%%

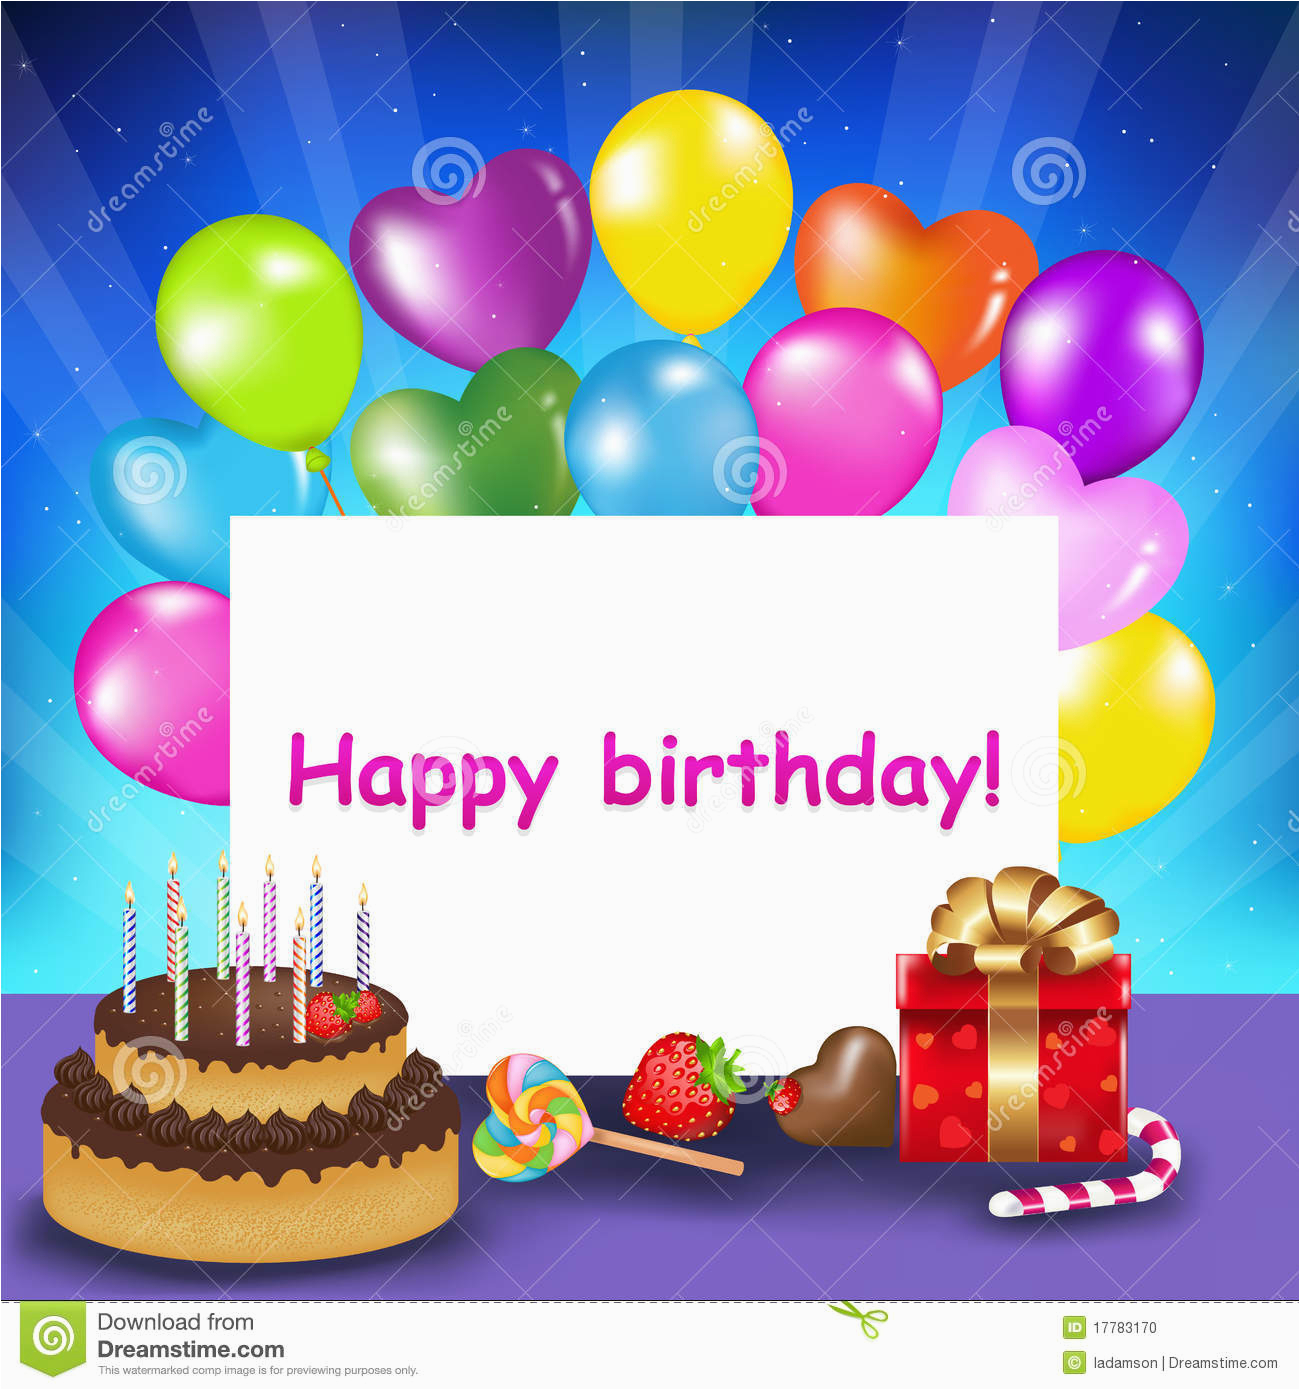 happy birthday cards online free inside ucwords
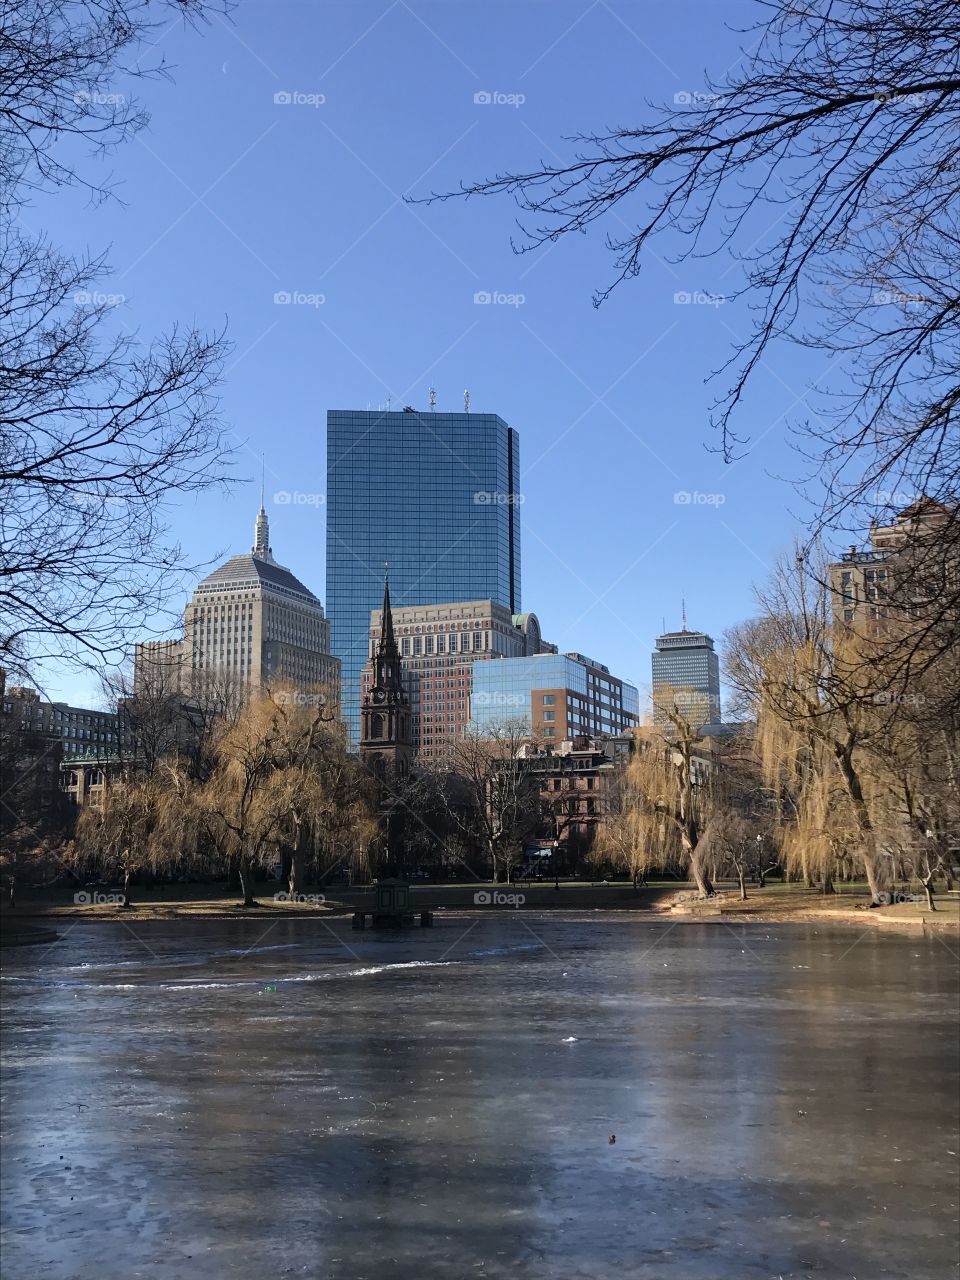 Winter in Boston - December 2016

%%
%%

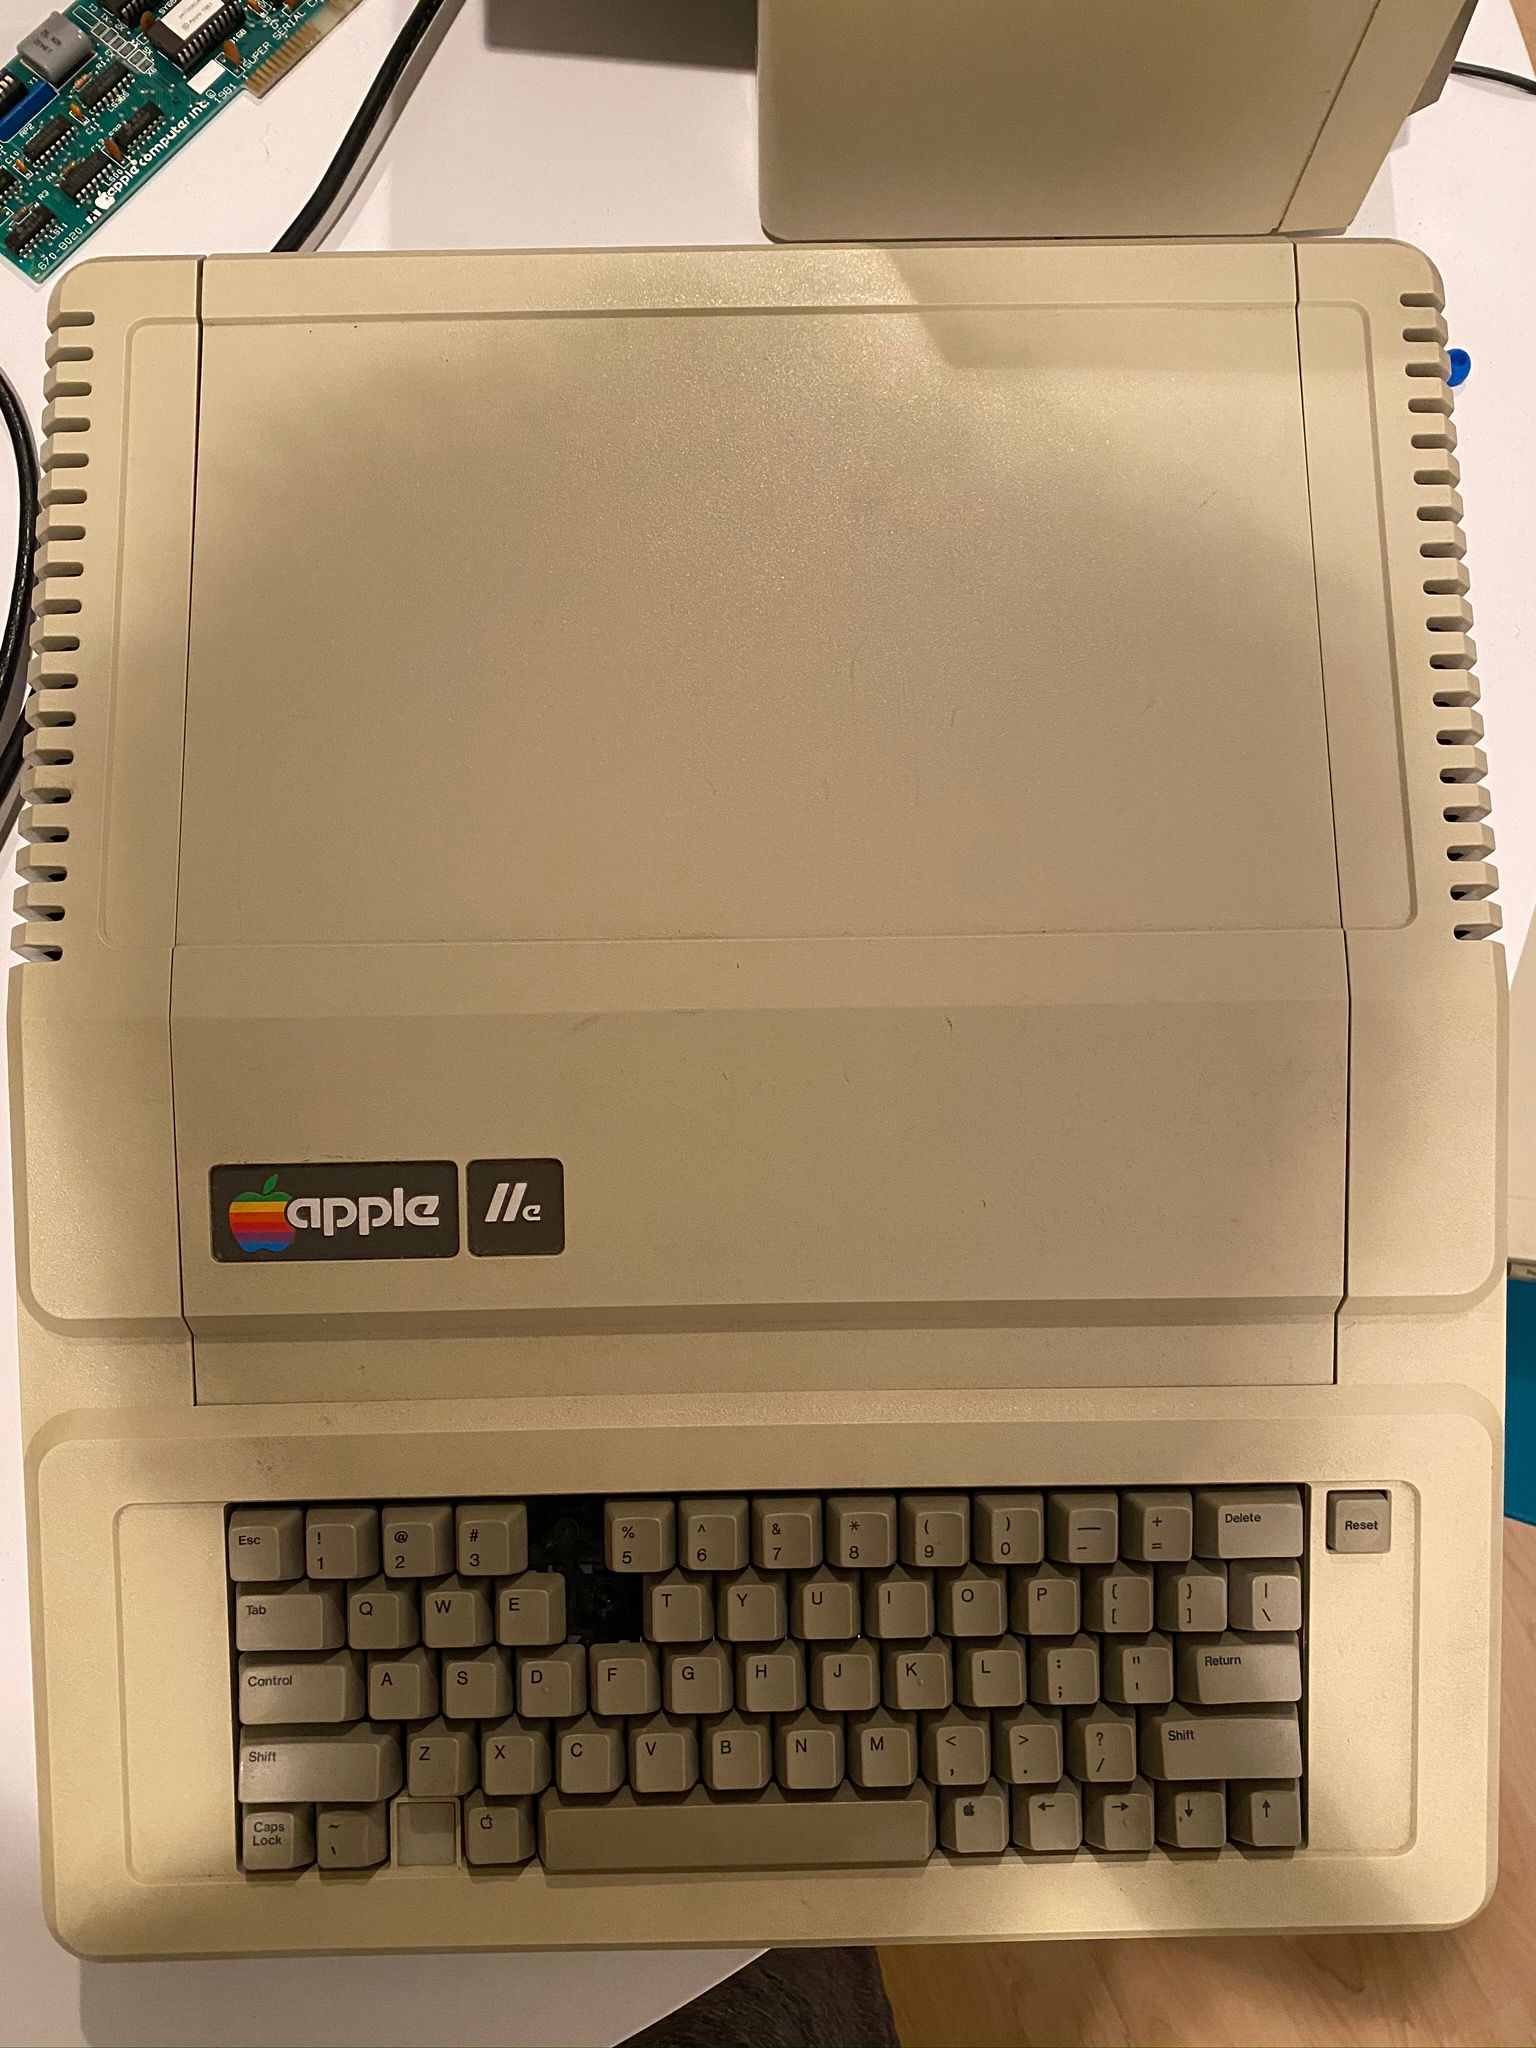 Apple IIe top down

%%

Required work » Could you transcribe exactly the entries above, but only the lines from the one with "happy birthday cards" through the one with "Winter in Boston - December 2016", and without pictures?

Output for this exercise »
 happy birthday cards online free inside ucwords
 Winter in Boston - December 2016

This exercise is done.